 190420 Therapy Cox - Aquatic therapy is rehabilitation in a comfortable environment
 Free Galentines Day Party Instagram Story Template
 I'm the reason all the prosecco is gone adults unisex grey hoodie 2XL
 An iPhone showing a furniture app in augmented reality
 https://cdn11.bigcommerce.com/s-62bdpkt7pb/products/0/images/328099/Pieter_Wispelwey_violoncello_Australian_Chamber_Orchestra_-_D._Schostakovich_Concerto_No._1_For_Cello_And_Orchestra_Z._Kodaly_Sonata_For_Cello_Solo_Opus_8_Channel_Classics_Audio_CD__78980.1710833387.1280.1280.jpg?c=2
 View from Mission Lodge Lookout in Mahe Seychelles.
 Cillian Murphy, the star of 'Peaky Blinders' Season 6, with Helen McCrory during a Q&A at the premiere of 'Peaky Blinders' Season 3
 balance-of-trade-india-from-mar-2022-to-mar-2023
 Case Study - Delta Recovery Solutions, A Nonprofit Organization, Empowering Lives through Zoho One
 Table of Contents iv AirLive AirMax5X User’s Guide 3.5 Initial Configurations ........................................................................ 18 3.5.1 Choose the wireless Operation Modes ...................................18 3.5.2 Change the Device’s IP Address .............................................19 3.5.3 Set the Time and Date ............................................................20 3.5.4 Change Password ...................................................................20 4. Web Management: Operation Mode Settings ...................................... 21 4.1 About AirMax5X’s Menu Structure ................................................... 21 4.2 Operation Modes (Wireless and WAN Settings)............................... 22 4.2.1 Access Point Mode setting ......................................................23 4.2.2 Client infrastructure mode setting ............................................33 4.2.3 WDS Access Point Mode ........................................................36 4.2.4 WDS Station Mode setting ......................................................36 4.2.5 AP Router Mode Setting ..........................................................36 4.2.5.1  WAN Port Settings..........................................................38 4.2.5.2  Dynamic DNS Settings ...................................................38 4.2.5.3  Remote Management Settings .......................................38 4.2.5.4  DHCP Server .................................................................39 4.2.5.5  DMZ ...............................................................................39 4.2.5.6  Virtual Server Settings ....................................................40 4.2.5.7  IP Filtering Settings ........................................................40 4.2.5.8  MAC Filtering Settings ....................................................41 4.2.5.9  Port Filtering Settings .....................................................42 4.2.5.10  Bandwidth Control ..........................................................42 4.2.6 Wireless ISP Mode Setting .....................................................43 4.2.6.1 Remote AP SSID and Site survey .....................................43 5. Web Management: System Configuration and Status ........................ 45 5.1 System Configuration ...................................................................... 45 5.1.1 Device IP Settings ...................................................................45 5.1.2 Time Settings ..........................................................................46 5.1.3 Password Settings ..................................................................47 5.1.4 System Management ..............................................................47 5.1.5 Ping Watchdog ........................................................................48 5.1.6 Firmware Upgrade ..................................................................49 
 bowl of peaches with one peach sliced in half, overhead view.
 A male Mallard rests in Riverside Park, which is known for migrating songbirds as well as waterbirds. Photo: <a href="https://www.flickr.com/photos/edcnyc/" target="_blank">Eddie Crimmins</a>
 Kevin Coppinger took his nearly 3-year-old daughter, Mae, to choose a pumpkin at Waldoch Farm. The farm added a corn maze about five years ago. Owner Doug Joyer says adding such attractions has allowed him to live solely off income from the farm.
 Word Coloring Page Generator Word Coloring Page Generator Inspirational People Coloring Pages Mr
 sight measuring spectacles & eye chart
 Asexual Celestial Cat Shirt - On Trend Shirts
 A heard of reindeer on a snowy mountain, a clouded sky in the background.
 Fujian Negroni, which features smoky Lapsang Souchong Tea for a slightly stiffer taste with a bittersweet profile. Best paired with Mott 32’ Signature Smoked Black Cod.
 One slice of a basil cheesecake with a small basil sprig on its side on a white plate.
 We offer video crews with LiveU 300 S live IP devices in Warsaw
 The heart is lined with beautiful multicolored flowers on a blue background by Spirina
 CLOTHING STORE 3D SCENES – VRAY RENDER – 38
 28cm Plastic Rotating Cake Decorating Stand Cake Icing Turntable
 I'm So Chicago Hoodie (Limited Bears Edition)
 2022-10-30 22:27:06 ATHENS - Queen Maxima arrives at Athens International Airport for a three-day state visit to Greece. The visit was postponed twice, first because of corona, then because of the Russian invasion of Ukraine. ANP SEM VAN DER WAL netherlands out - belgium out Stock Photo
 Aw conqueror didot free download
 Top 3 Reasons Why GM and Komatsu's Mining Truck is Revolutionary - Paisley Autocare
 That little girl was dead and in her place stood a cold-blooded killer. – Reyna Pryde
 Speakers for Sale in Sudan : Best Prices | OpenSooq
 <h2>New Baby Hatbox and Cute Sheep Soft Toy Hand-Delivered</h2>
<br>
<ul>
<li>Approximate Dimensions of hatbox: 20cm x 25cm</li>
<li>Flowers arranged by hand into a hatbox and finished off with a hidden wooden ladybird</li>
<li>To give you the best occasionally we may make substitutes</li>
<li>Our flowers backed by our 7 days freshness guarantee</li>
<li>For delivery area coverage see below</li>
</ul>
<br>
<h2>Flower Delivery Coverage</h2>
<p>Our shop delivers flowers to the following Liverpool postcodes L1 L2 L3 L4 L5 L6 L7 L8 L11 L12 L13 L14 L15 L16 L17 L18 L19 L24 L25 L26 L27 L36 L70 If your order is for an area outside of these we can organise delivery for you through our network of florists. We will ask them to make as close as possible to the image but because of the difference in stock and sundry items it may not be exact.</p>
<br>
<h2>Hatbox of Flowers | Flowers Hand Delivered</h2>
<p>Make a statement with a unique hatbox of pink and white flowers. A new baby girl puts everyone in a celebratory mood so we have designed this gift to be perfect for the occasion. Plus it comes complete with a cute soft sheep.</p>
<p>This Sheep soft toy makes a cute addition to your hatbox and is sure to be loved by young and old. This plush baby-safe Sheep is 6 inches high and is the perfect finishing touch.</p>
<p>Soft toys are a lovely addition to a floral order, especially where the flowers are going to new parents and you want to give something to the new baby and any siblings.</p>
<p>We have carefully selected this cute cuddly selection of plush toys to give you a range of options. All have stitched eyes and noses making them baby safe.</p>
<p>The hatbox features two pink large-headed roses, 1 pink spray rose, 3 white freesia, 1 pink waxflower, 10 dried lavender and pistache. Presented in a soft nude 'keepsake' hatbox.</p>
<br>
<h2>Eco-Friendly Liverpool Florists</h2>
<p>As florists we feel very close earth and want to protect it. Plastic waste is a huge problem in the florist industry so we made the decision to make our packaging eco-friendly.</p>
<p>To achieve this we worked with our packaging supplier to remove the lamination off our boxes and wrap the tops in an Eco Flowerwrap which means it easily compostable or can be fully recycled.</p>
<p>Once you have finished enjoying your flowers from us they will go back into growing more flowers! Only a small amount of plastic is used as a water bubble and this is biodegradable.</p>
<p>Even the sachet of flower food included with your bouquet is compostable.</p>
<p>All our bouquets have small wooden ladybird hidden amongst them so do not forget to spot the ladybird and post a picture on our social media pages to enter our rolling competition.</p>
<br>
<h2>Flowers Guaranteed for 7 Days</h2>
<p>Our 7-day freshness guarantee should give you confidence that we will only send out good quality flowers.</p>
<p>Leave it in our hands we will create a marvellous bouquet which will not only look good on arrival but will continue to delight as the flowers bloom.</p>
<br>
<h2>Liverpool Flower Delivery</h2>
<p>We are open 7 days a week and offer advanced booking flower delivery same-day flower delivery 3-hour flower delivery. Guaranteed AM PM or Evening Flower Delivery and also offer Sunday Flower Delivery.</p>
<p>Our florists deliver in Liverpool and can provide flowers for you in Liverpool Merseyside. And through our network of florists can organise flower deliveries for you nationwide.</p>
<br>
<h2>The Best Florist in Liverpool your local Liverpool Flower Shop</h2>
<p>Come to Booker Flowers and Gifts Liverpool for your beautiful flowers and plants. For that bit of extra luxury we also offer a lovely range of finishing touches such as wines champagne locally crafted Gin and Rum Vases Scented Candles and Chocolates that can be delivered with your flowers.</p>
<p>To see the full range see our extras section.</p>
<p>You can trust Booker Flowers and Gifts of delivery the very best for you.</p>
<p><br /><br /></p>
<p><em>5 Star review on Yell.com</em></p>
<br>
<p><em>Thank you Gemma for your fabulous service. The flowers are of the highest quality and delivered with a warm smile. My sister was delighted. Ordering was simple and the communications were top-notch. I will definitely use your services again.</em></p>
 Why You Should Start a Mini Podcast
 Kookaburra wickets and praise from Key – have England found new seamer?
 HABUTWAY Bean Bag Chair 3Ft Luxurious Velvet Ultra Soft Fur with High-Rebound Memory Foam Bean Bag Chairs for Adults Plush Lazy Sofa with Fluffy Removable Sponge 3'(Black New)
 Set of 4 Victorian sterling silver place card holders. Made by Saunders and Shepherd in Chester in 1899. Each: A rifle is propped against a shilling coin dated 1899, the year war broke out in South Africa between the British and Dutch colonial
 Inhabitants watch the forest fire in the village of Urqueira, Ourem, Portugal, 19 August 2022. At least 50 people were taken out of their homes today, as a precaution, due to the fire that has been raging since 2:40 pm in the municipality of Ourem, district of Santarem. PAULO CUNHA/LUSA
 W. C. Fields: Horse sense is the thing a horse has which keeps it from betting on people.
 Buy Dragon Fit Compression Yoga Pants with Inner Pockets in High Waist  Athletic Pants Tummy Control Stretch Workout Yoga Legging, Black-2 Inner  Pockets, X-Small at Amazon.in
·····
Work out how many lines in the data hold the word "area"; reply with the number alone.

2